CLI Application¶
Installation¶
$ brew install yutanagano/tap/symscan-cli
You can also directly download precompiled binaries from the project releases page.
Usage¶
Tip
You can also view symscan’s inline help text with symscan --help.
Give symscan a list of strings, and it will tell you which ones are similar. By default, it will detect which strings are within one (Levenshtein) edit distance away from one another. Symscan reads its standard input stream and considers each line (delineated by newline characters) a separate string. A minimal example is below:
$ echo $'fizz\nfuzz\nbuzz\nfizzy' | symscan
1,2,1
1,4,1
2,3,1
As you can see, symscan outputs its result in plaintext to standard output. Each line in its output corresponds to a pair of similar strings that is detected. The first two numbers in each line is the (1-indexed) line numbers corresponding to the two similar input strings. The third and final number is the number of edits separating the two strings.
Options¶
To look for string pairs that are at most <k> edits away from each other,
pass the option -d <k>:
$ echo $'fizz\nfuzz\nbuzz\nfizzy' | symscan -d 2
1,2,1
1,3,2
1,4,1
2,3,1
2,4,2
If you want the output to have 0-indexed line numbers as opposed to 1-indexed,
pass the option -z:
$ echo $'fizz\nfuzz\nbuzz' | symscan -d 2 -z
0,1,1
0,2,2
0,3,1
1,2,1
1,3,2
If you want to limit your neighbor search to only allow substitutions, you can
set the --hamming option. Note that in this case, input strings with
different character lengths will never be considered neighbors.

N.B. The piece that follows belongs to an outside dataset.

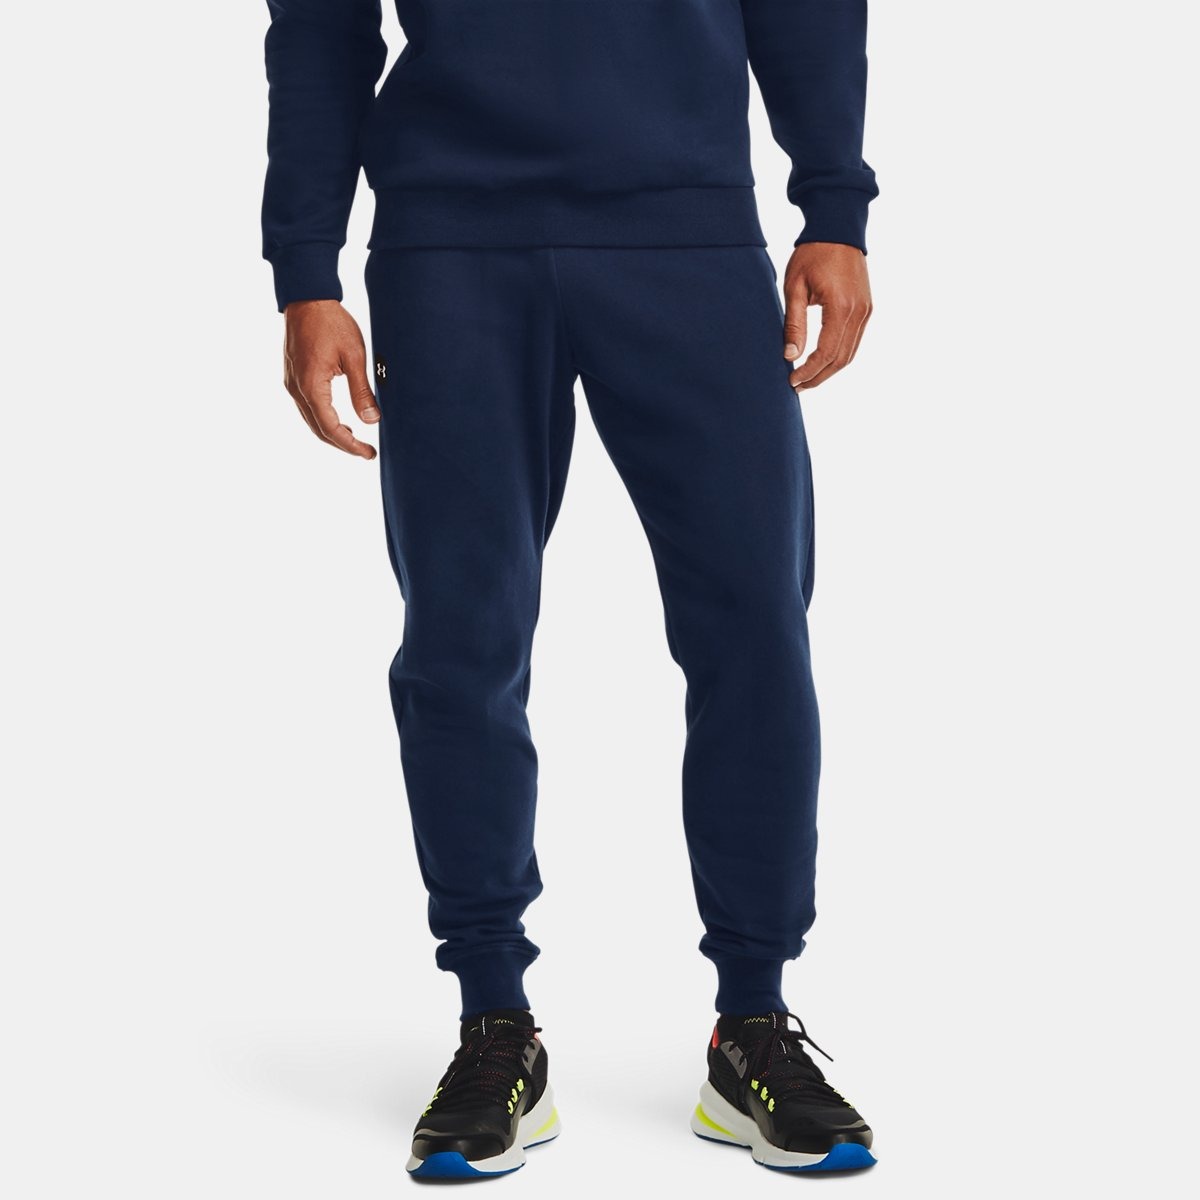 Gent Joggers Blue at Under Armour GOOFASH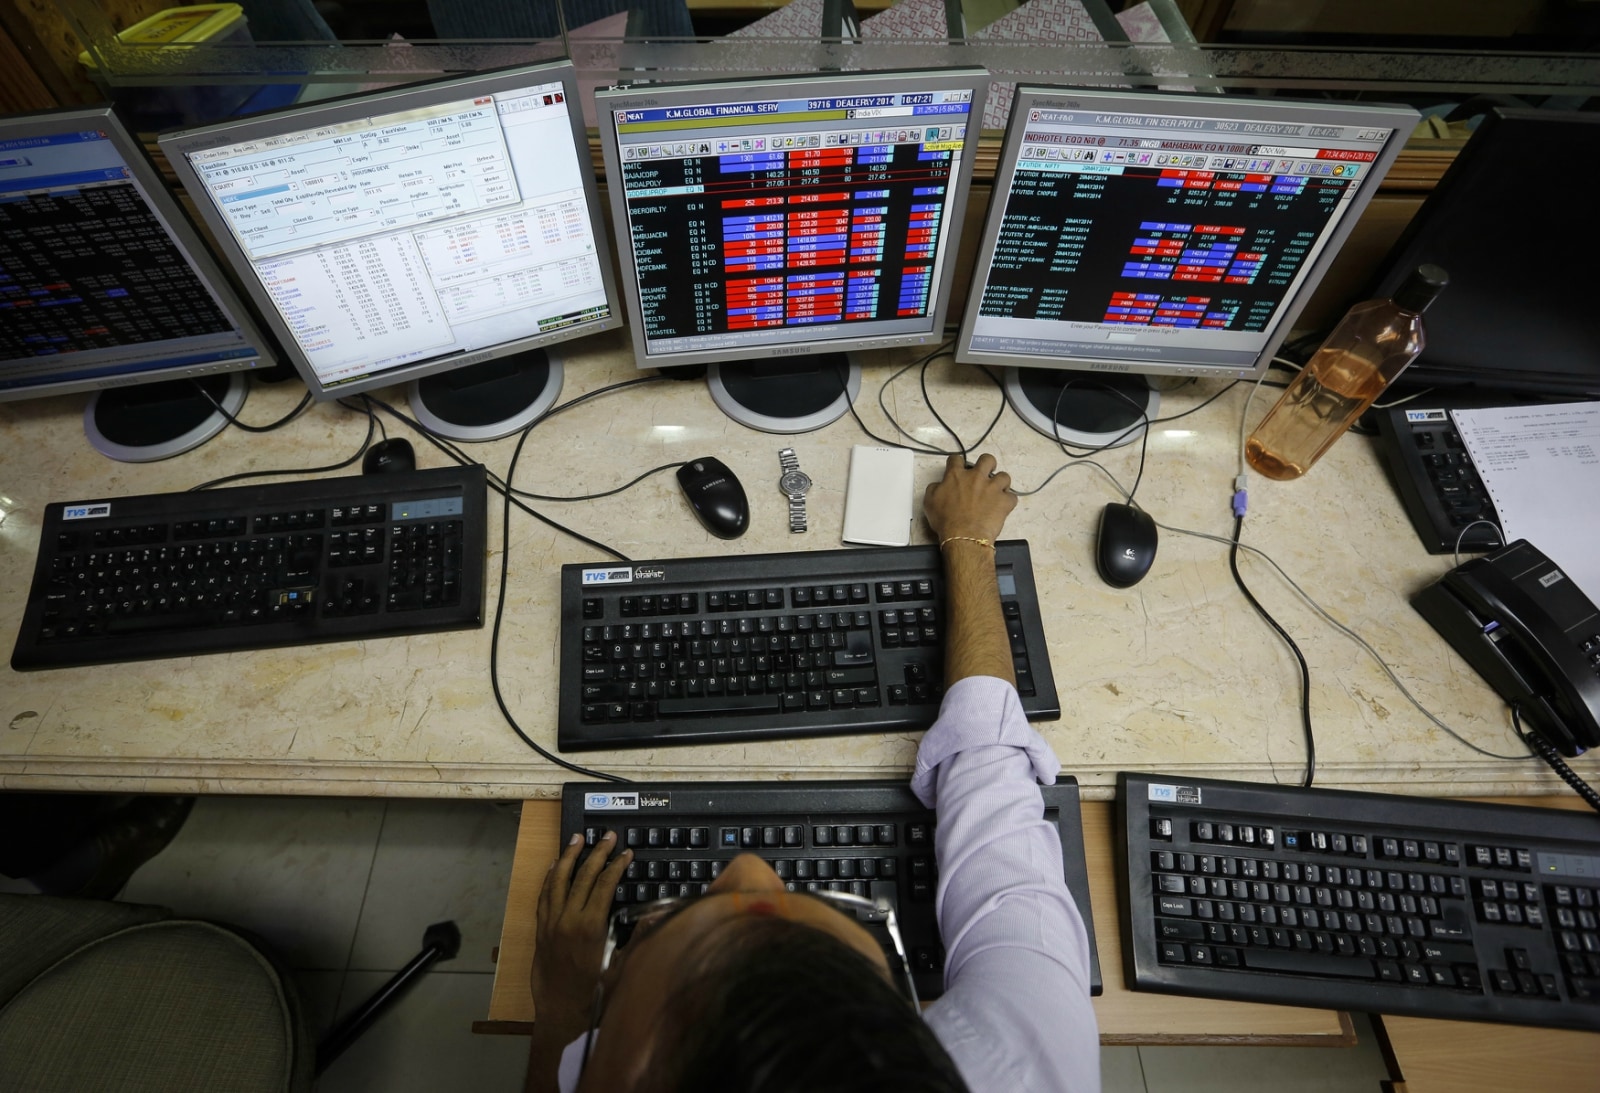 3. Market At Close On Friday: Indian benchmark indices, Sensex and Nifty erased day's gains to end Friday's volatile session lower, dragged by selling in banking and financial stocks. At the close of trade, the Sensex fell 134.03 points or 0.34 percent to 38,845.82 while the Nifty declined 11.15 points or 0.10 percent to 11,504.95. Broader indices, Nifty Midcap100 and Nifty Smallcap100 declined 0.07 and 0.44 percent, respectively. For the week, Sensex ended flat while Nifty was up 0.5 percent. Nifty Bank fell 1.9 percent. Midcap Index outperformed the benchmarks with gains of almost 4 percent. Selling in banking heavyweights such as HDFC Bank, Kotak Mahindra Bank, SBI, among others dragged Nifty Bank over 1 percent. (Image: Reuters)

$ echo $'fizz\nfuzz\nbuzz' | symscan -d 2 -z --hamming
0,1,1
0,2,2
1,2,1
Read from and write to files¶
To read input from input.txt and write to output.txt:
$ symscan input.txt > output.txt
or
$ < input.txt symscan > output.txt
or
$ cat input.txt | symscan > output.txt
Look for pairs across two string sets¶
To look strictly for strings in set_a.txt that are similar to strings in
set_b.txt (ignores pairs within sets):
$ symscan set_a.txt set_b.txt > output.txt